2.5. Mean Fluorescence Intensity (MFI) Quantification
Tile scans (10×) of the middle of each PREDICT96-ALI tissue device were captured on a Zeiss LSM700 laser scanning confocal microscope with Zen 2012 SP5 FP3 (Black) software version 14.0.17.201 (Zeiss) at 16 bit per pixel. The MFI of the signal from the red channel, or the SARS-CoV-2 nucleocapsid or spike protein expression, of these regions was measured via ImageJ Fiji version 2.15.0. The average signal from the secondary-only controls was subtracted to remove the background signal, and the average MFI from each infection condition was calculated.

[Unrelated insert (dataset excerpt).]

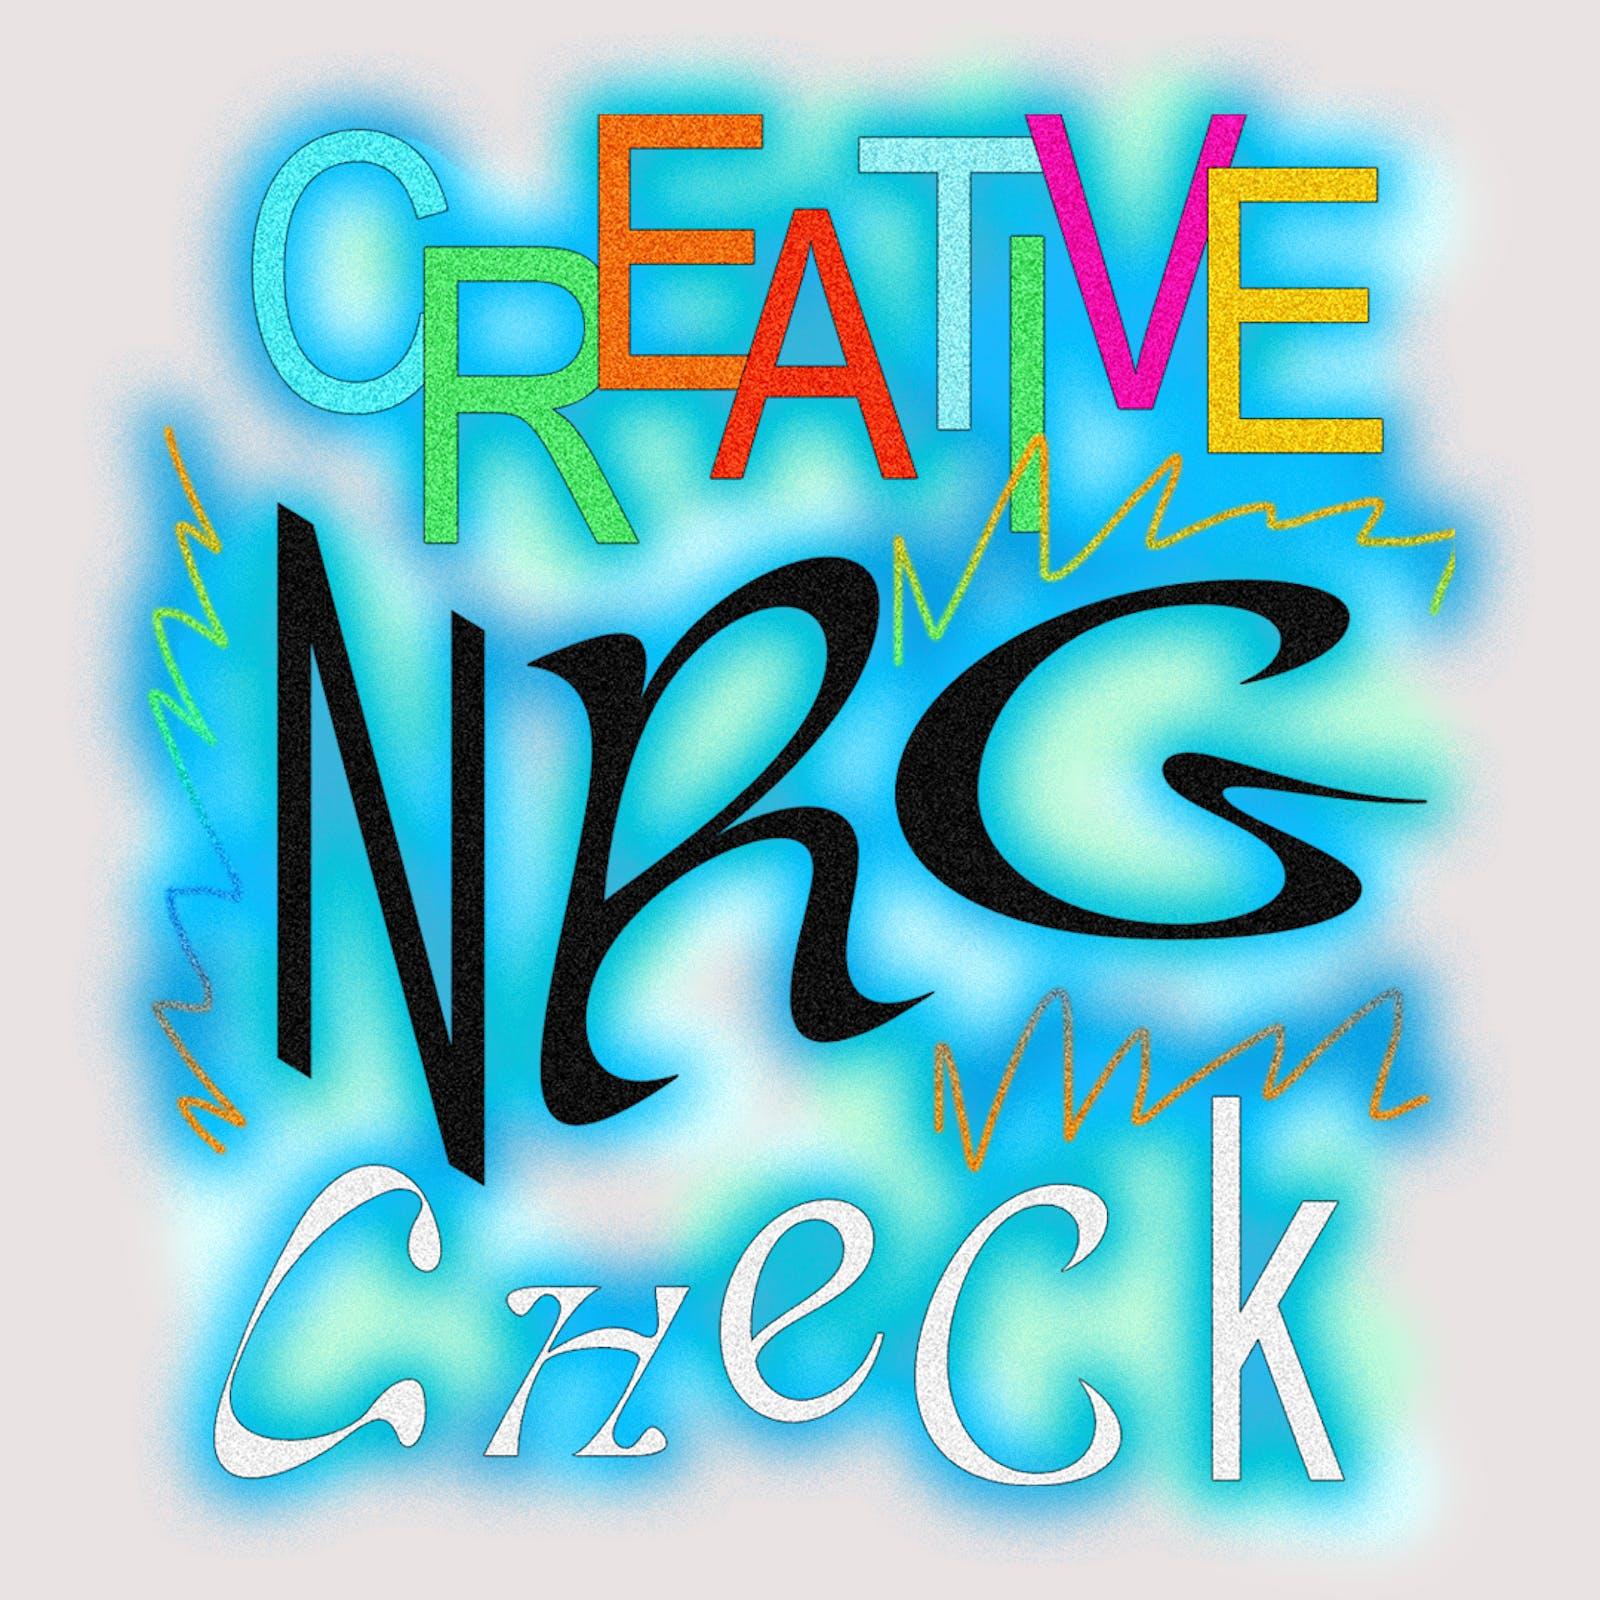 ⚡️BOOK a 1:1 Creative NRG Check⚡️

2.6. Club-Cell Secretory Protein (CCSP) Luminex
After 4 weeks of ALI culture of DH01 human primary airway epithelial cells, basal media samples were collected for the quantification of soluble CCSP via a premade Magnetic Luminex Performance Assay kit (Uteroglobin/SCGB1A1, R&D Systems, Minneapolis, MN, USA). Culture media were collected from the bottom chamber of each tissue device and immediately frozen at −20 °C until use. Undiluted media samples were processed according to the manufacturer’s protocol and analyzed via an Invitrogen Luminex FLEXMAP 3D instrument and the analytics xPONENT software version 4.2 (Invitrogen, Waltham, MA, USA). The data collected were used to generate standard curves for each analyte using a five-parameter logistic (5-PL) curve fit to determine the concentration of CCSP in the sample. The concentration of CCSP was measured for each individual PREDICT96-ALI tissue device, and CCSP levels measured from devices derived from the same experimental conditions were averaged (n = 6).
2.7. Inoculation of PREDICT96-ALI Tissues with SARS-CoV-2
All of the work with SARS-CoV-2 was performed at BSL-3. SARS-CoV-2 strain USA-WA1/2020, passage 4 virus was obtained from Joseph Brewoo and Sam R. Telford III (New England Regional Biosafety Laboratory, Global Heath & Infectious Disease, Tufts University, North Grafton, MA, USA). A passage 5 stock was generated by propagating the virus on Vero E6 cells (ATCC, Manassas, Virginia, USA) in DMEM (Gibco, Waltham, MA USA) supplemented with 0.1% bovine serum albumin (Sigma), 1× penicillin/streptomycin (Gibco), 1× non-essential amino acids, NEAA (Gibco). Inoculation of PREDICT96-ALI airway tissues with SARS-CoV-2 (and mock control) was performed similarly to coronavirus infections described previously [27]. Briefly, the PREDICT96-ALI tissues were prepared by performing a mucous wash with HBSS. Freshly thawed SARS-CoV-2 was diluted in the same infection media used for viral propagation to various MOIs: 0 (mock control), 0.025, 0.25 or 2.5. Donor DH01 was inoculated with passage 4 virus while the other donors received passage 5 virus. Inoculum was incubated on the apical surface of the tissues for 2 h rocking at 34 °C. Inoculum was subsequently removed, and the apical side of each tissue device was washed 4× with HBSS. The final wash was reserved as a 0 days post-infection (d.p.i.) sample. Fresh custom-ALI or Pneumacult-ALI media were introduced into the basal ports of each tissue device before static incubation (no pumping) at 34 °C.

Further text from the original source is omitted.